# Kenpo in the South Dallas area



## KenpoTex (Apr 5, 2004)

Can anyone recomend a good EPAK school in the southern part of the Dallas metro area?  I have a sister that goes to college in Waxahachie and I'm trying to find a place to send her for some women's self-defense (I finally got her to agree to take an S.D. course).  Any help would be appreciated.


----------



## Old Guy (Apr 5, 2004)

The closest/easiest that I know of for her to get to would be either near DFW Airport in Colleyville(Rob Hazlewood) or Irving(Rick Fowler).  There may be others down south, but I am not aware of them.  Colleyville has a lot of classes so it would provide good flexibility.  I am not sure of Irving.

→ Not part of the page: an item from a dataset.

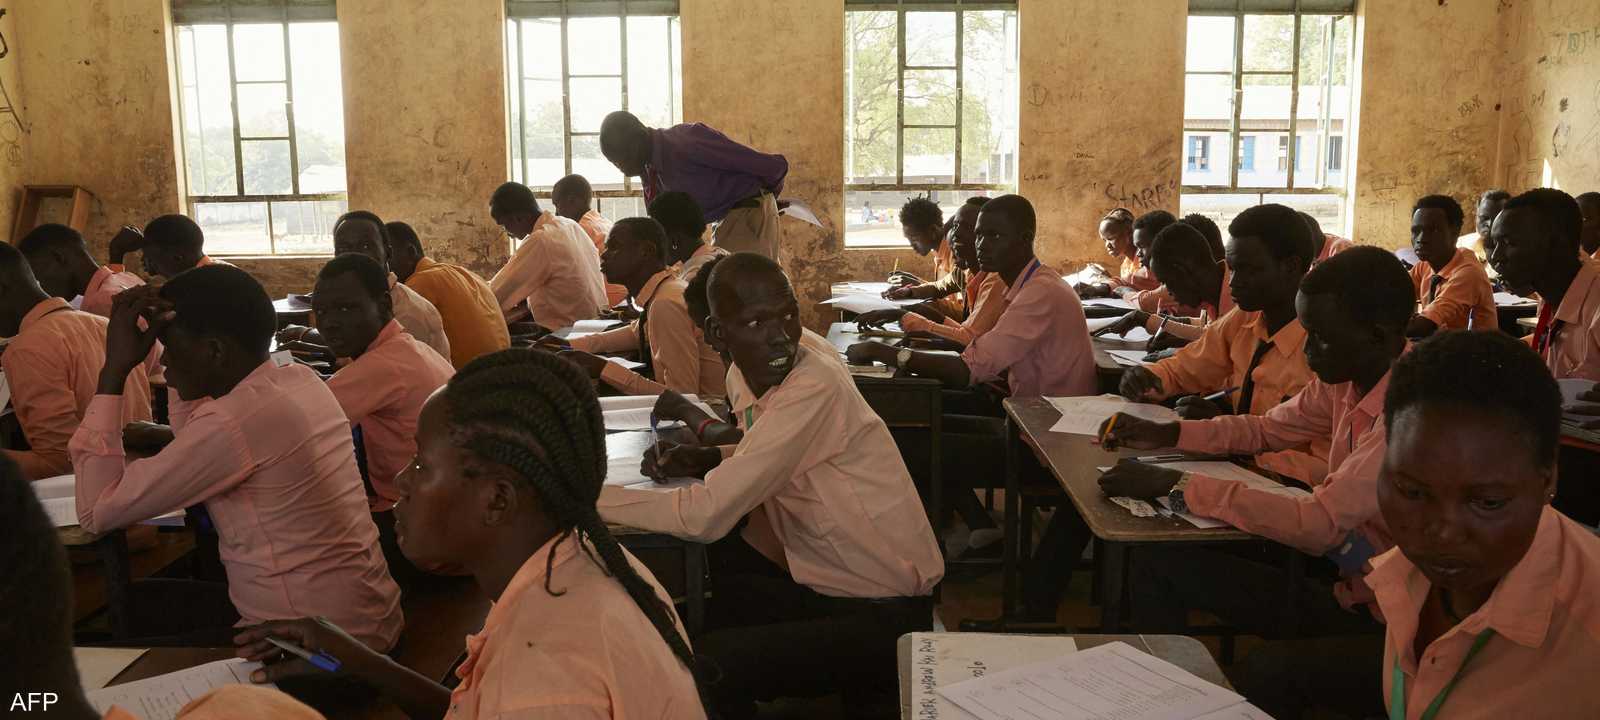 مدرسة في جنوب السودان

www.kenporocks.com for info on Colleyville.


----------



## Michael Billings (Apr 5, 2004)

Bill Piper   
Steve Tapper   
Keith Gorum   
Tommy Burks - my teacher is up in Decatur (His ranch is actually Northwest of there, so probably not a good option). 
  In no certain order.
 -MB


----------



## Old Guy (Apr 5, 2004)

Keith Gorham has closed his N. Richland Hills studio.  I believe he has moved it east of Dallas to Mesquite.  I am not positive about whether or where he has moved it to.  I believe there is a person, Clayton Johns (3rd or 4th Dan) teaching American Karate.  He has a Kenpo background.  He is in the Arlington area.  

OG


----------



## molson (Apr 5, 2004)

Anyone know where mr. Gorham has moved to?


----------



## Kenpo Yahoo (Apr 5, 2004)

Keith Gorham does not have a school at this time.  Bill Piper took over the schools location.


----------



## KenpoTex (Apr 6, 2004)

Thanks for the info.  I think I'll check out the one in Colleyville.


----------



## Michael Billings (Apr 6, 2004)

They are hosting a John Sepulveda (head of my Association), on May 1st.  Something else that could be fun to attend or watch.

 -Michael


----------



## molson (Apr 6, 2004)

Great, I want to start to attend some seminars in the Dallas area.


----------



## Kalicombat (Apr 10, 2004)

Tim Bulot has a school in the Dallas area, near Irving I believe. I visited his school two years ago and have worked with his students at seminars. He is a class act and his students are a testament to as much. 

Gary C.


----------



## Shiatsu (Apr 26, 2004)

There are a few kajukembo schools in the area as well if you are interested.


----------